As of 11/2022, the last noteworthy change I am working on is a refactor of my personal website to use Astro and SolidJS, to increase its performance. I am planning to shed the dependence on React, React-dom, react-intersection-observer, useSWR, and react-mapbox-gl and use native solutions or lighter libraries.
process.cwd()
It is now November 2022, just one month before I finish university with a bachelor’s degree in Geography Data Science from the University of Washington. In the past, I was not happy with myself for having this major, but it has honestly been a great learning experience and I have gotten exposure to technologies and ideas I would have never had otherwise. Not being inundated in a computer science student’s curriculum will definitely disadvantage me in the job market, but learning how to teach myself technologies is something I will not take for granted.

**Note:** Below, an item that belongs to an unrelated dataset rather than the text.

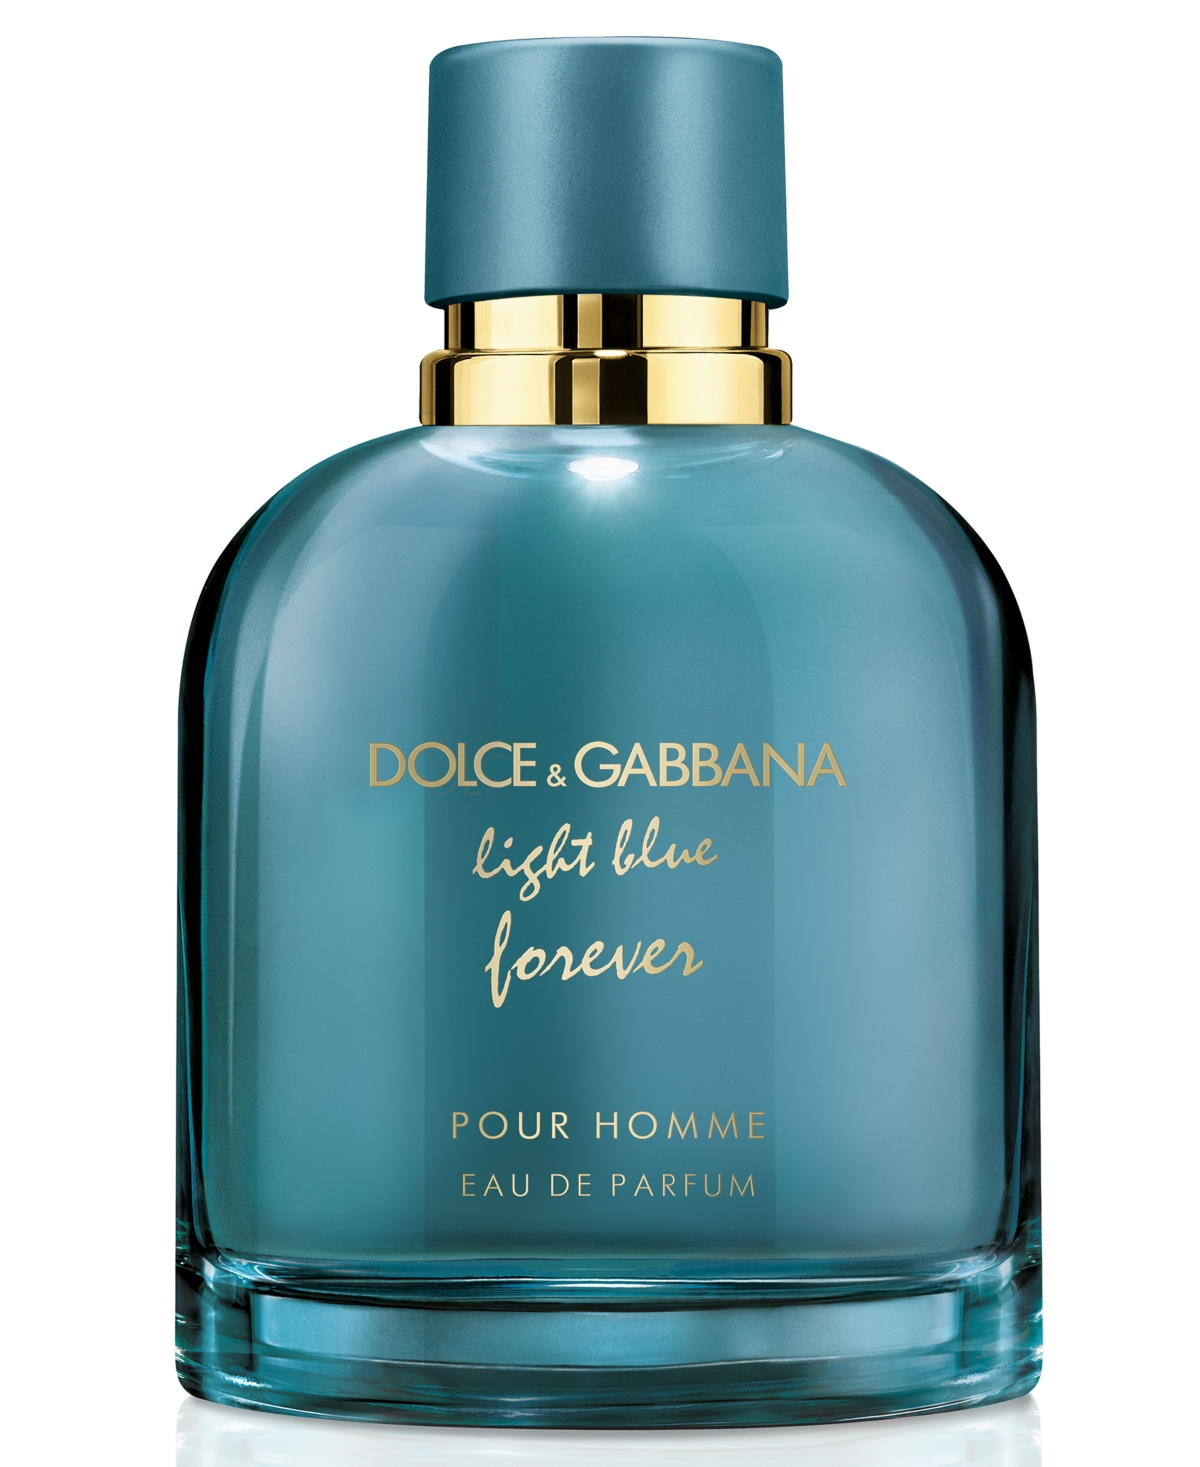 Dolce & Gabbana DOLCE&GABBANA Men's Light Blue Forever Pour Homme Eau de  Parfum Spray, . & Reviews - Cologne - Beauty - Macy's

I am a cynical person and do not have much self-confidence. However, it would be plain and straight up sandbagging for me not to acknowledge how far I’ve gotten in less than two years. In a year, I learned Python, Javascript, HTML/CSS, and Typescript for languages, as well as a myriad of other technologies and frameworks for each language. I’ve chosen front-end and full-stack as my path, having been lost not a year prior.
Now, I am looking for an entry-level software developer role or front-end developer job, so I can work with the technology and things that I love.